Dataherb supports two different types of sources, S3 and git. In this case, we choose git as we would like to sync the dataset to a GitHub repo.

Name of the Dataset¤

[?] How would you like to name the dataset?: Dataherb Demo Dataset

This will be the name of your dataset.

ID of the Dataset¤

[?] Please specify a unique id for the dataset: git-dataherb-python-demo-dataset

ID of the dataset has to be unique in your whole flora.

Description¤

[?] What is the dataset about? This will be the description of the dataset.: This is a demo dataset to test and show dataherb.

Describe the dataset here.

URI¤

[?] What is the dataset's URI? This will be the URI of the dataset.: https://github.com/DataHerb/dataherb-python-demo-dataset-created.git

Result¤

Two things happened after this.

  1. A file dataherb.json will be created in the current folder.
  2. The metadata for this dataset has been added to the Flora.

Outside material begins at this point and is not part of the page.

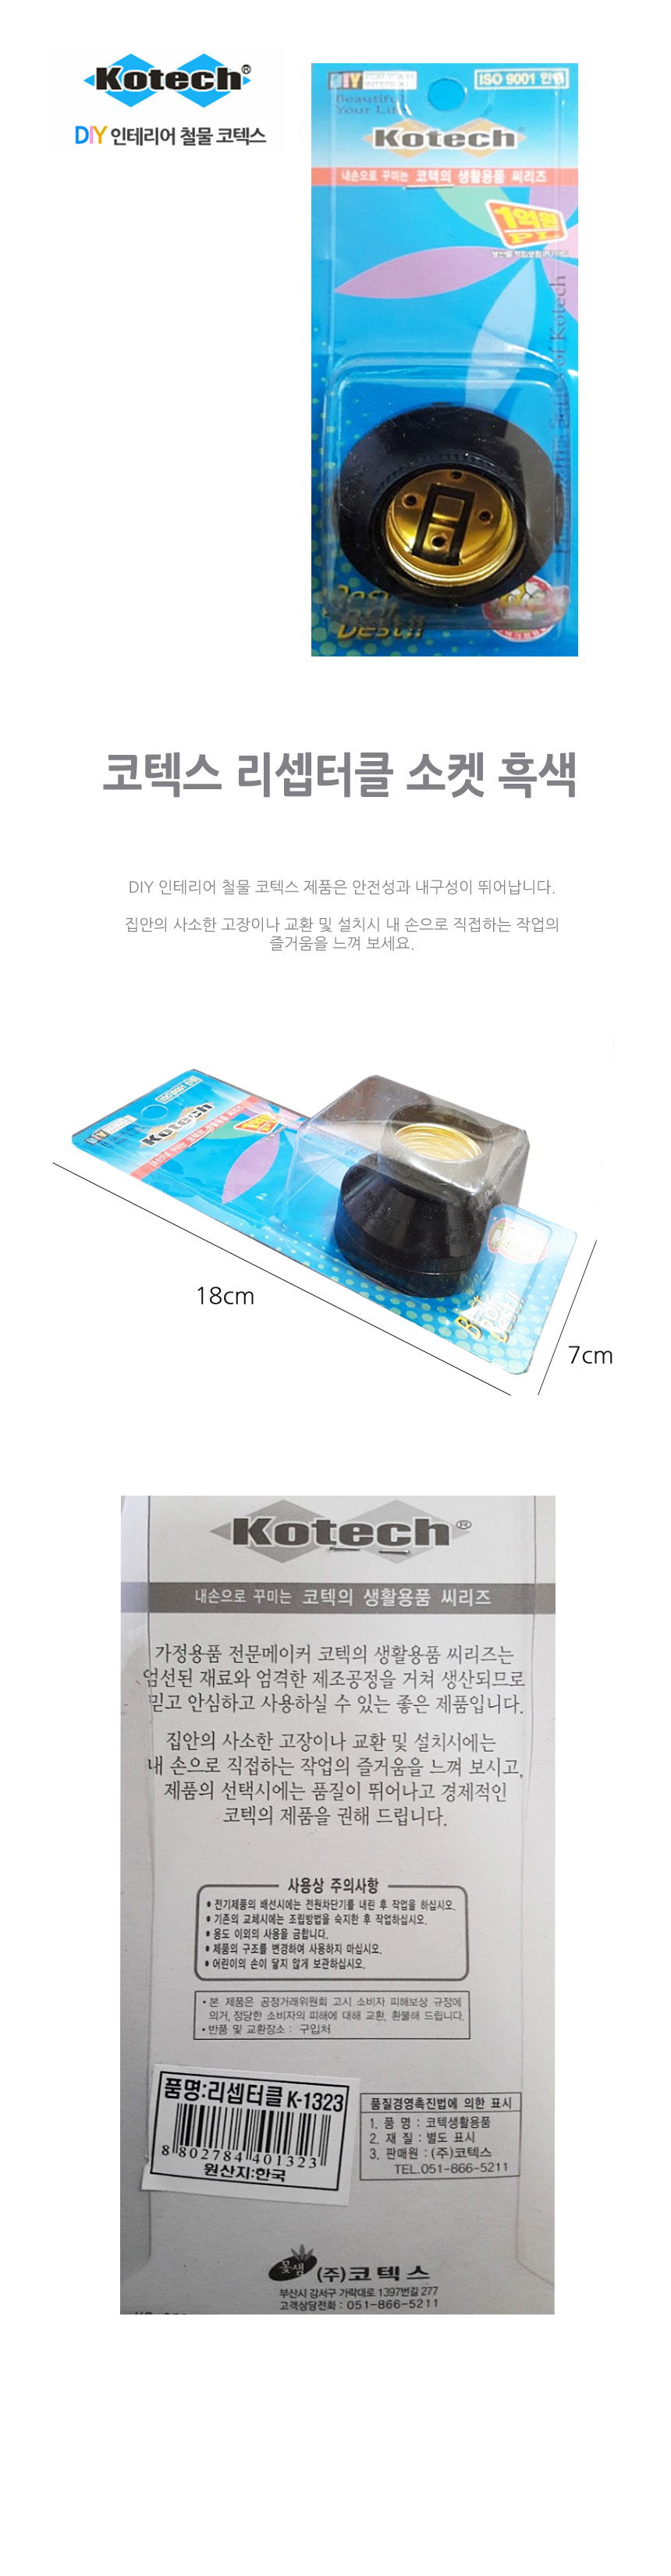 kotech-03-detail.jpg

Content of the dataherb.json file

The content of the file should be the following.

{
    "source": "git",
    "name": "Dataherb Demo Dataset",
    "id": "git-dataherb-python-demo-dataset",
    "description": "This is a demo dataset to test and show dataherb.",
    "uri": "https://github.com/DataHerb/dataherb-python-demo-dataset-created.git",
    "metadata_uri": "https://raw.githubusercontent.com/DataHerb/dataherb-python-demo-dataset-created/main/dataherb.json",
    "datapackage": {
        "profile": "tabular-data-package",
        "resources": [
            {
                "path": "dataset/indeed_job_listing.csv",
                "profile": "tabular-data-resource",
                "name": "indeed_job_listing",
                "format": "csv",
                "mediatype": "text/csv",
                "encoding": "windows-1252",
                "schema": {
                    "fields": [
                        {
                            "name": "title",
                            "type": "string",
                            "format": "default"
                        },
                        {
                            "name": "location",
                            "type": "string",
                            "format": "default"
                        },
                        {
                            "name": "company",
                            "type": "string",
                            "format": "default"
                        },
                        {
                            "name": "description",
                            "type": "string",
                            "format": "default"
                        },
                        {
                            "name": "salary",
                            "type": "string",
                            "format": "default"
                        },
                        {
                            "name": "url",
                            "type": "string",
                            "format": "default"
                        },
                        {
                            "name": "published_at",
                            "type": "string",
                            "format": "default"
                        },
                        {
                            "name": "id",
                            "type": "string",
                            "format": "default"
                        }
                    ],
                    "missingValues": [
                        ""
                    ]
                }
            },
            {
                "path": "dataset/stackoverflow_job_listing.csv",
                "profile": "tabular-data-resource",
                "name": "stackoverflow_job_listing",
                "format": "csv",
                "mediatype": "text/csv",
                "encoding": "utf-8",
                "schema": {
                    "fields": [
                        {
                            "name": "link",
                            "type": "string",
                            "format": "default"
                        },
                        {
                            "name": "category",
                            "type": "string",
                            "format": "default"
                        },
                        {
                            "name": "title",
                            "type": "string",
                            "format": "default"
                        },
                        {
                            "name": "description",
                            "type": "string",
                            "format": "default"
                        },
                        {
                            "name": "published_at",
                            "type": "string",
                            "format": "default"
                        },
                        {
                            "name": "location",
                            "type": "string",
                            "format": "default"
                        },
                        {
                            "name": "stackoverflow_id",
                            "type": "integer",
                            "format": "default"
                        },
                        {
                            "name": "author",
                            "type": "string",
                            "format": "default"
                        },
                        {
                            "name": "location_country",
                            "type": "string",
                            "format": "default"
                        },
                        {
                            "name": "location_city",
                            "type": "string",
                            "format": "default"
                        },
                        {
                            "name": "updated_at",
                            "type": "string",
                            "format": "default"
                        }
                    ],
                    "missingValues": [
                        ""
                    ]
                }
            }
        ]
    }
}

Sync to Remote¤

WIP

Sync local dataset to remote is still a WIP.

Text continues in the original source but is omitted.